Muker is a pretty village in Swaledale in the beautiful Yorkshire Dales. This very small village with stunning views is situated on the banks of Straw Beck which is a tributary of the River Swale and they meet only a short distance away. The village has a post office and shop, a tearoom, a craft shop and cafe and a church. There was once a school which is now the Craft Shop and Gallery and the Tea Shop was originally the vicarage built in 1680 and still has much of its “Olde worlde charm” today. The Church of St Mary the Virgin was built in 1580 replacing a chapel of ease and a graveyard consecrated so that the dead would not have to be transported to Grinton near Reeth. Agriculture was the main industry until the late 18th century when lead mining became more important and hand knitting was also of importance during this period. In the late 19th century with the decline of the mining industry Muker began to see an increasing number of visitors and holiday makers. Muker is now mainly a tourist attraction for walkers with many public footpaths leading into the stunning upper Swaledale.

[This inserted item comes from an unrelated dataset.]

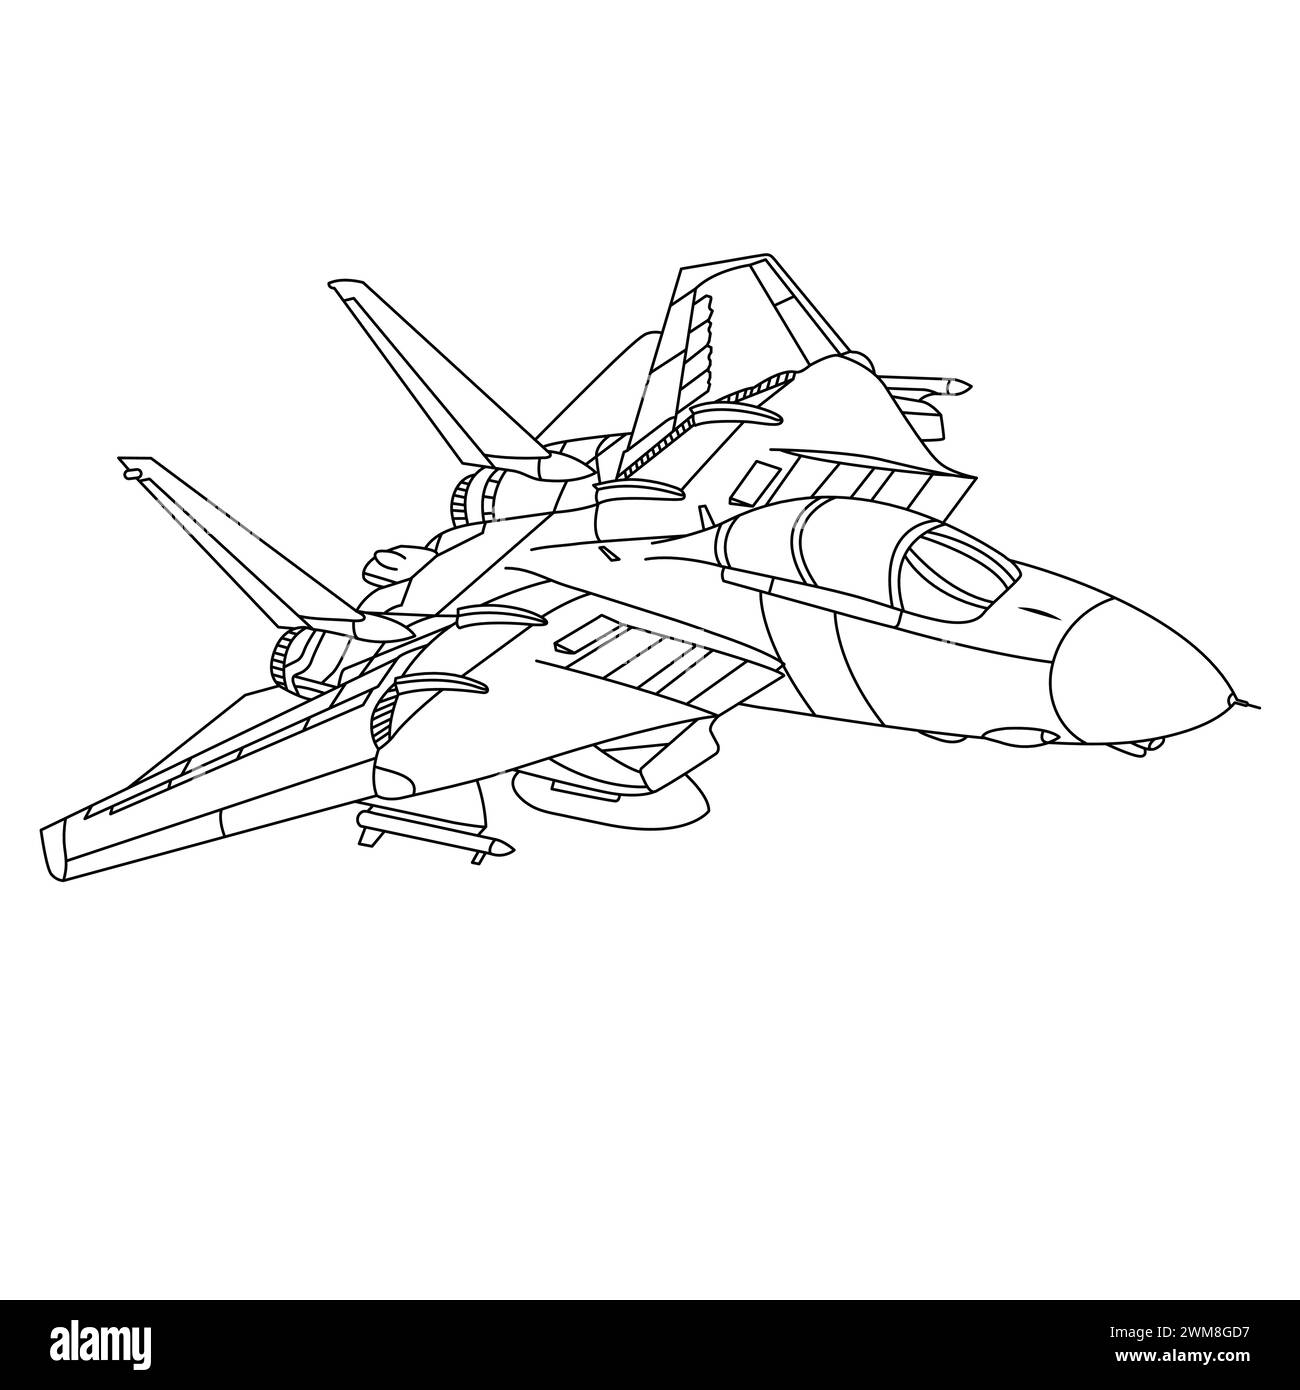 Militärflugzeug F-14 Tomcat Gliederung Illustration. Fighter Jet F14 Malbuch für Kinder und Erwachsene. Cartoon Flugzeug isoliert auf White Backgrou Stock Vektor

Keld is an attractive village about 3 miles north of Muker and sits on the banks of the River Swale with stunning views of the valley and hills. This very small village has a cafe and a small shop, selling essentials, cold drinks and snacks at Ruskins Campsite. The United Reformed Church and the adjoining Manse sits in the centre of the village and the latter has been restored into a holiday cottage which was completed in 2009 by The Keld Resource Centre. The proceeds go to the centre which is a local charity who are restoring the villages listed buildings they also created the Well-being Garden in the Chapel churchyard in 2010 and the Keld Countryside and Heritage Centre which opened in May 2011. Keld Lodge, a hotel with bar and restaurant and situated on the top road, was the former Youth Hostel and shooting hut which closed in October 2006. Part of the Pennine Way passes by Keld and heads down towards Muker so both villages are a fantastic place for walkers and hikers. Tan Hill Inn the highest pub in England is not far away from Keld.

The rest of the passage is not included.